* ACTIVITY
Please set out each line below exactly as it stands, without the images.

* RECORDED DATA
━━━━

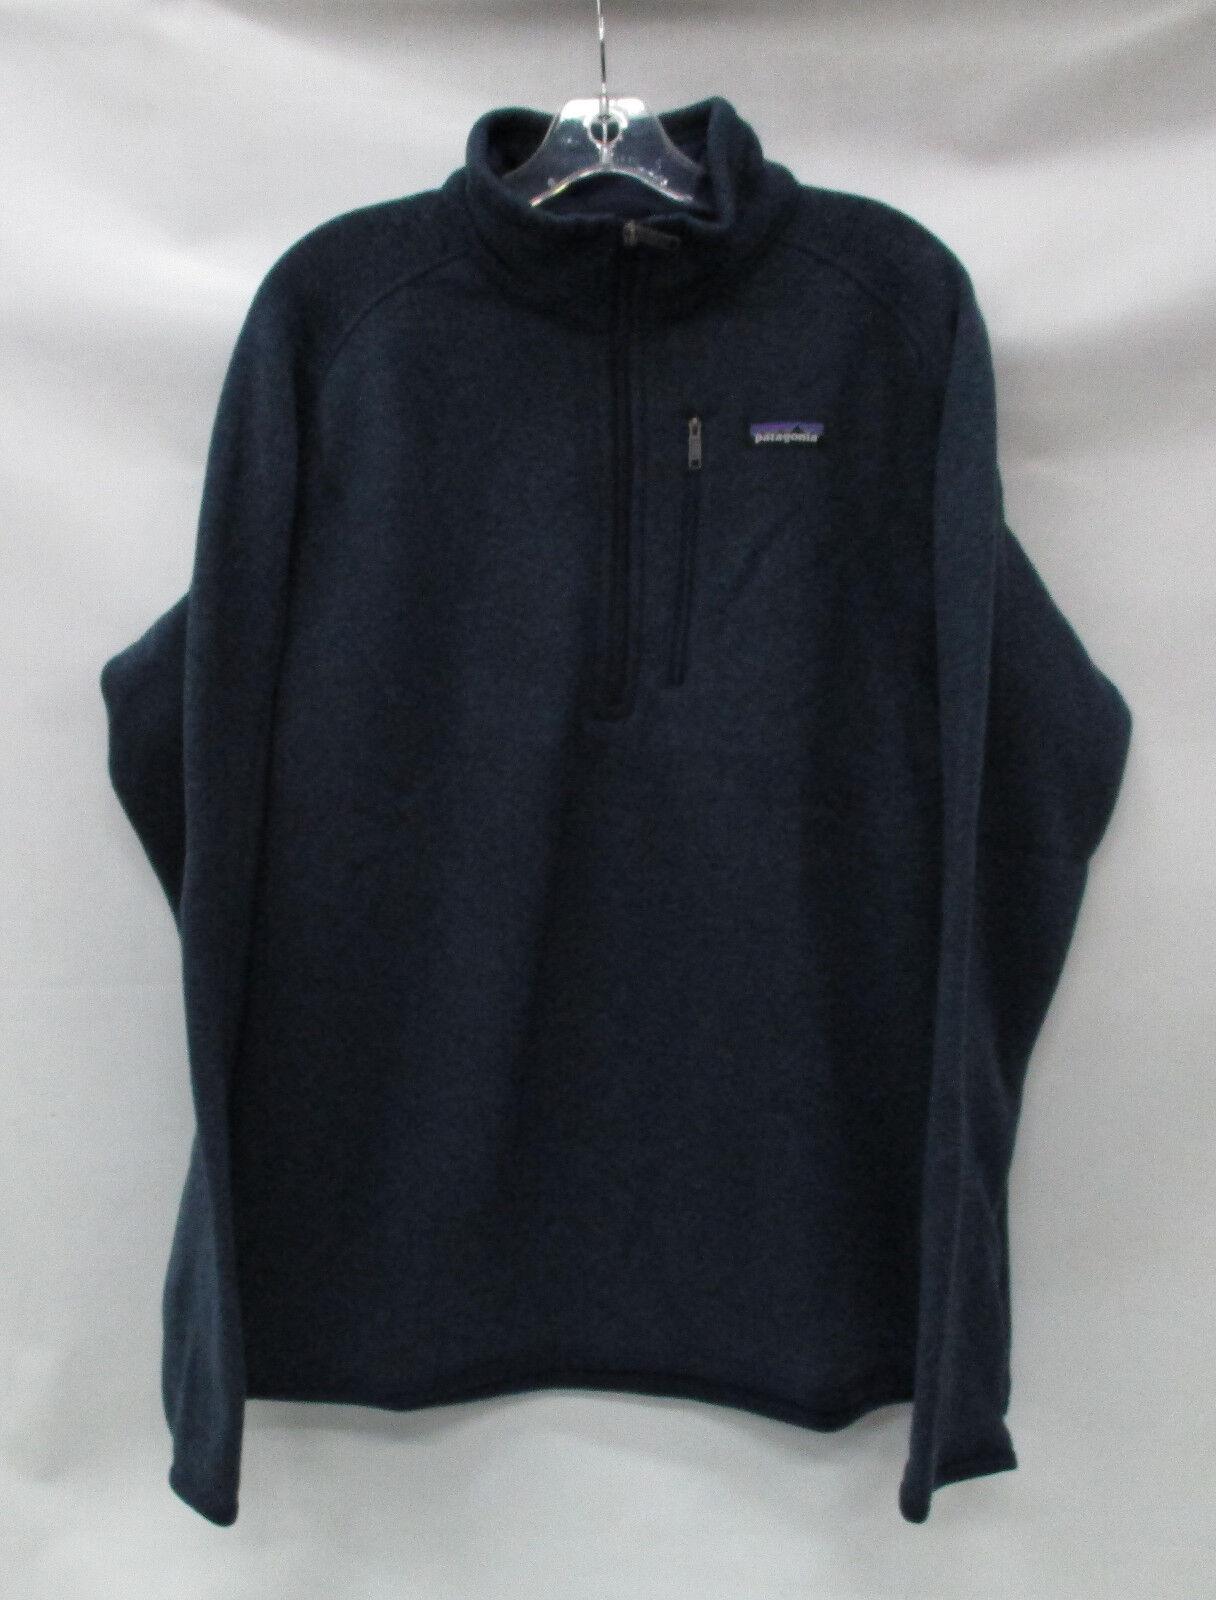 Patagonia  Herren Better Sweater 1/4 Zip Pullover 25522 Classic Navy Größe Small
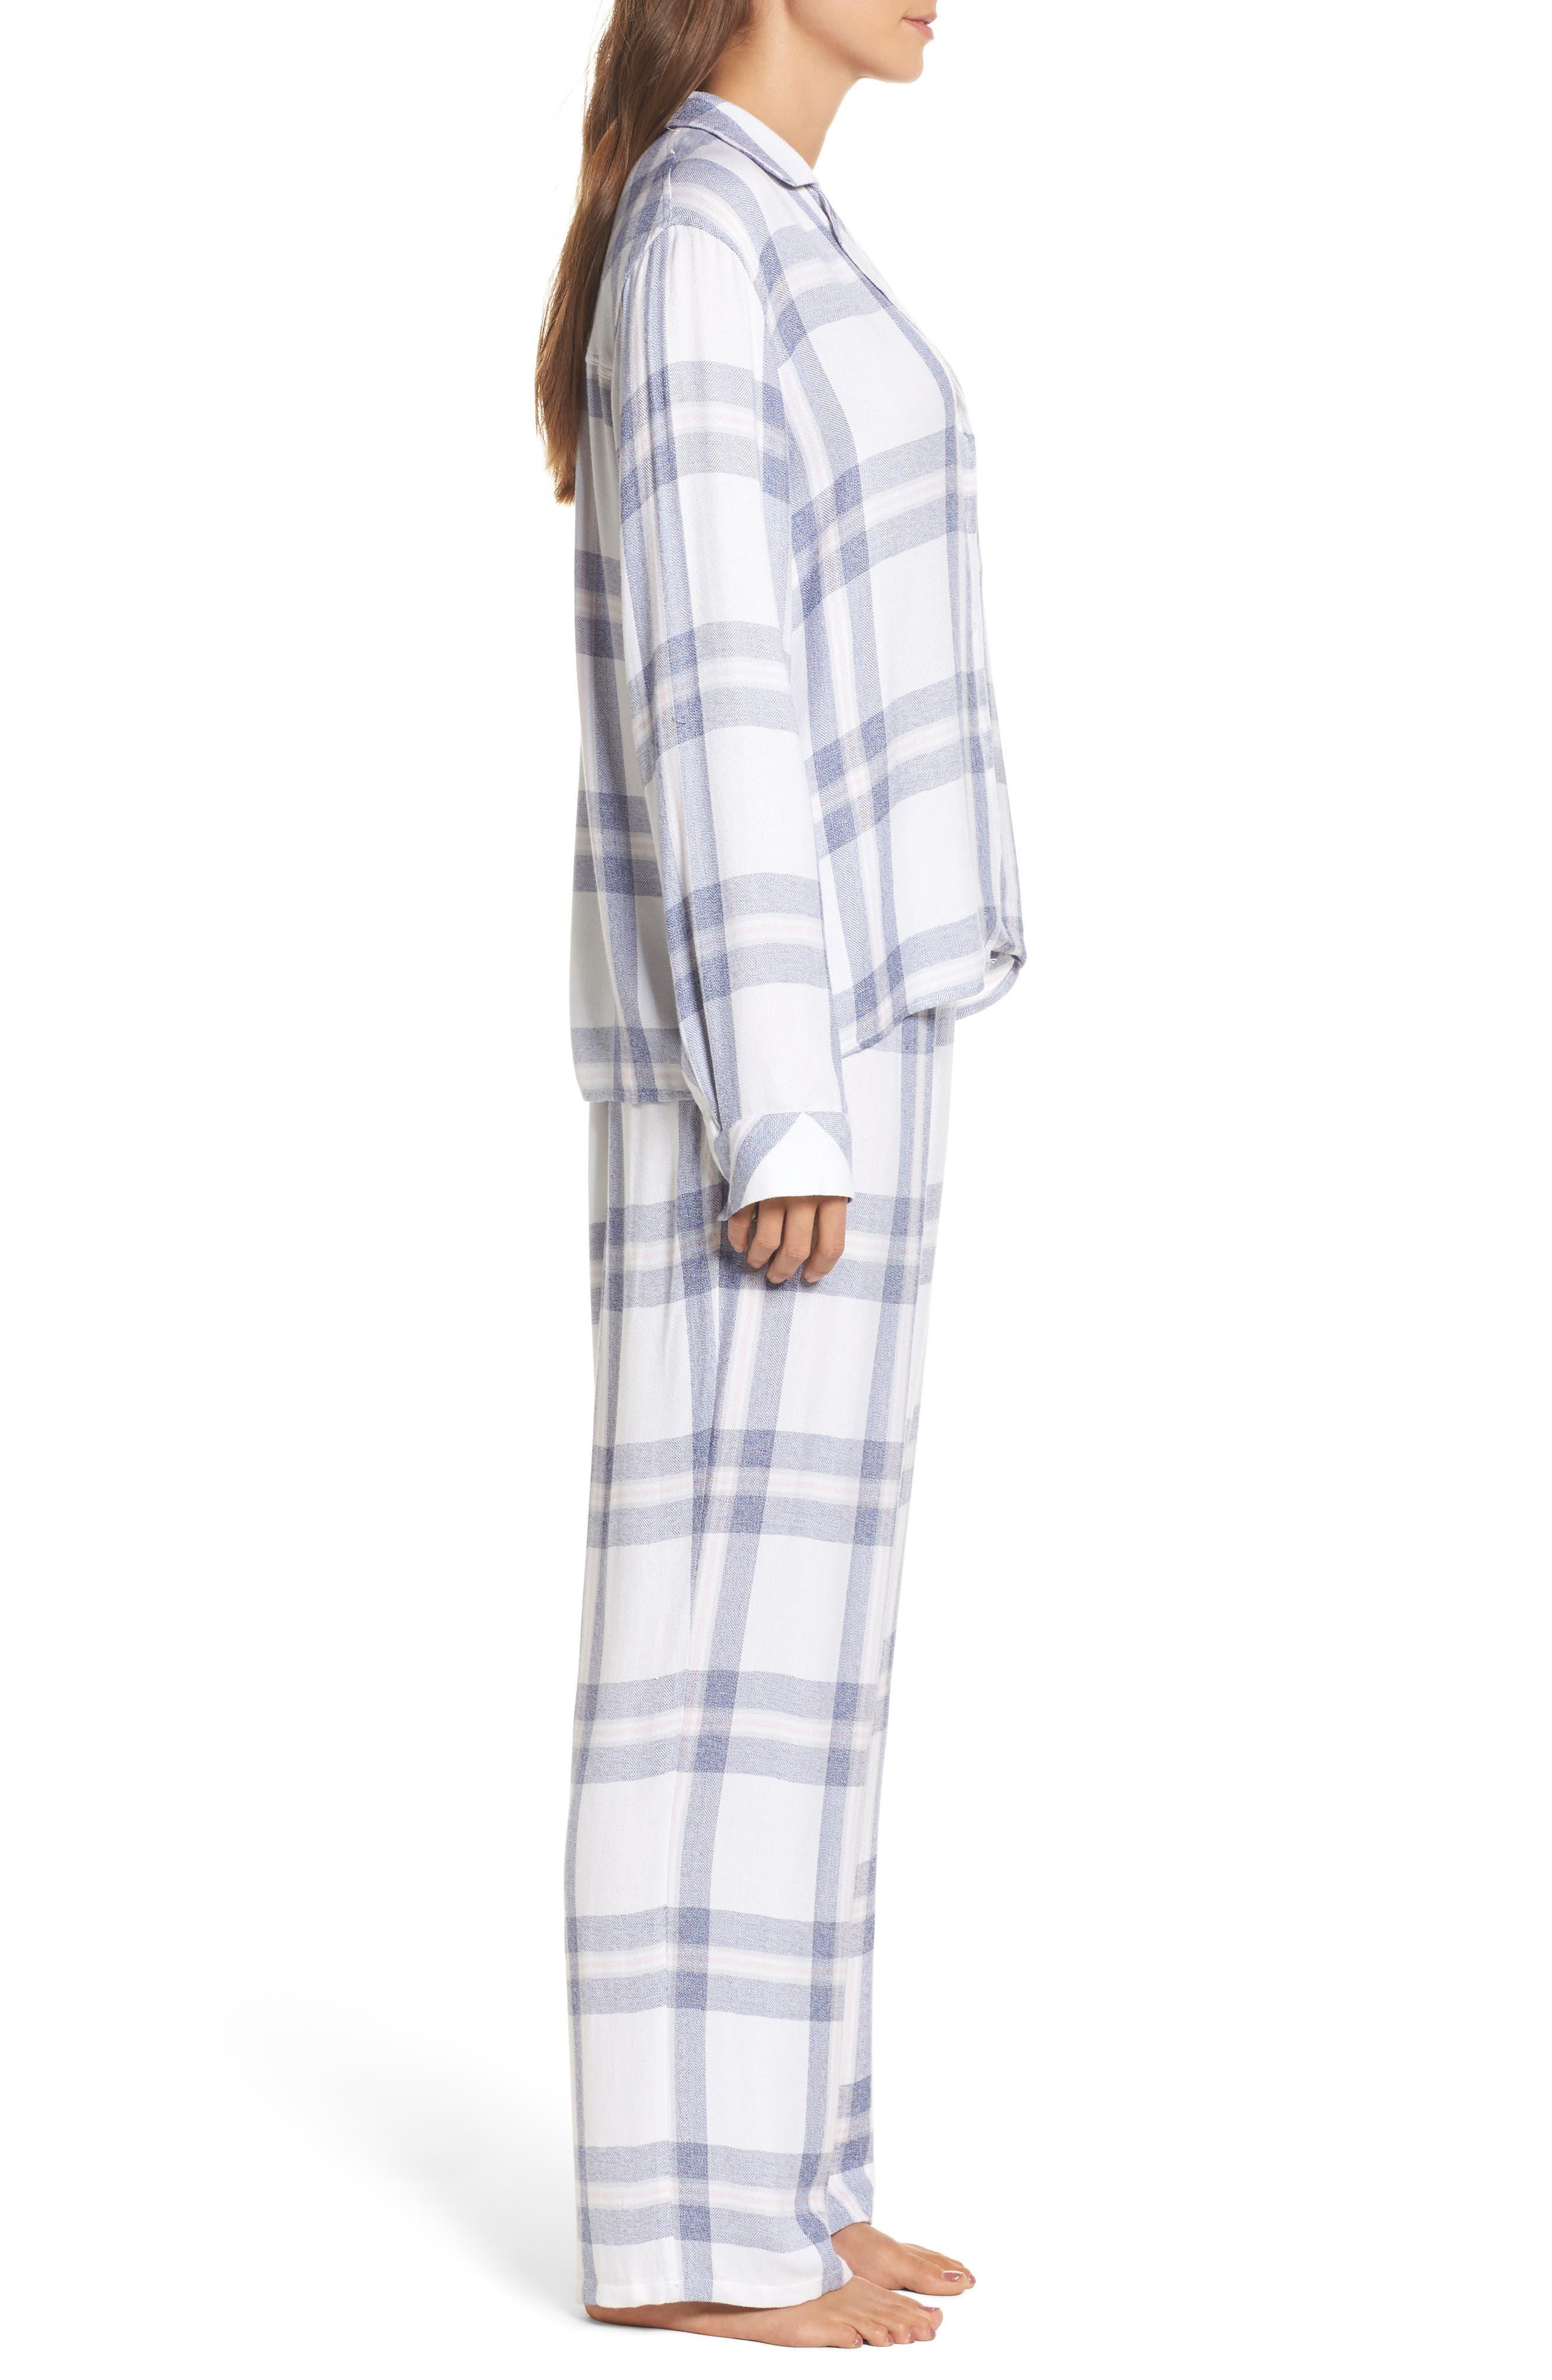 Plaid Pajamas,                             Alternate thumbnail 3, color,                             WHITE/ CHAMBRAY/ PETAL
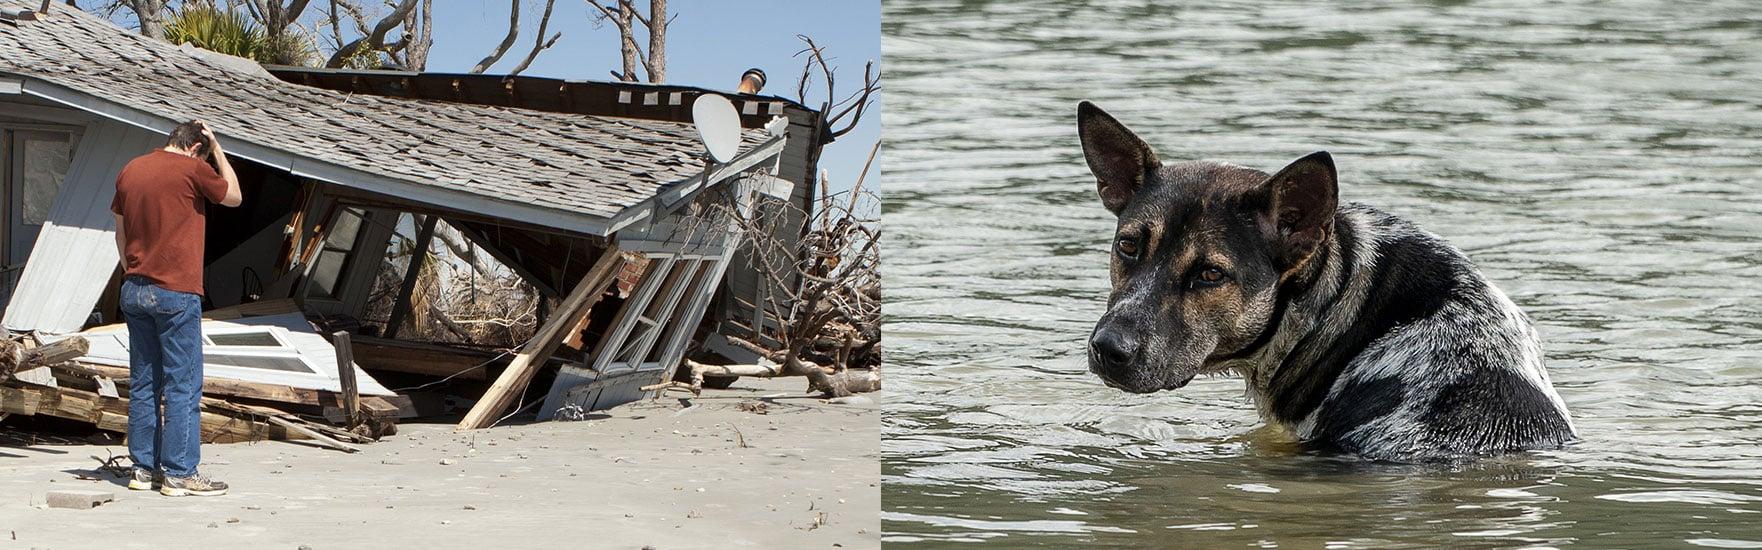 disaster-hurricaneida-impactupdates-header-image

━━━━

* RESULT FOR THIS TASK
 Patagonia  Herren Better Sweater 1/4 Zip Pullover 25522 Classic Navy Größe Small
 Plaid Pajamas,                             Alternate thumbnail 3, color,                             WHITE/ CHAMBRAY/ PETAL
 disaster-hurricaneida-impactupdates-header-image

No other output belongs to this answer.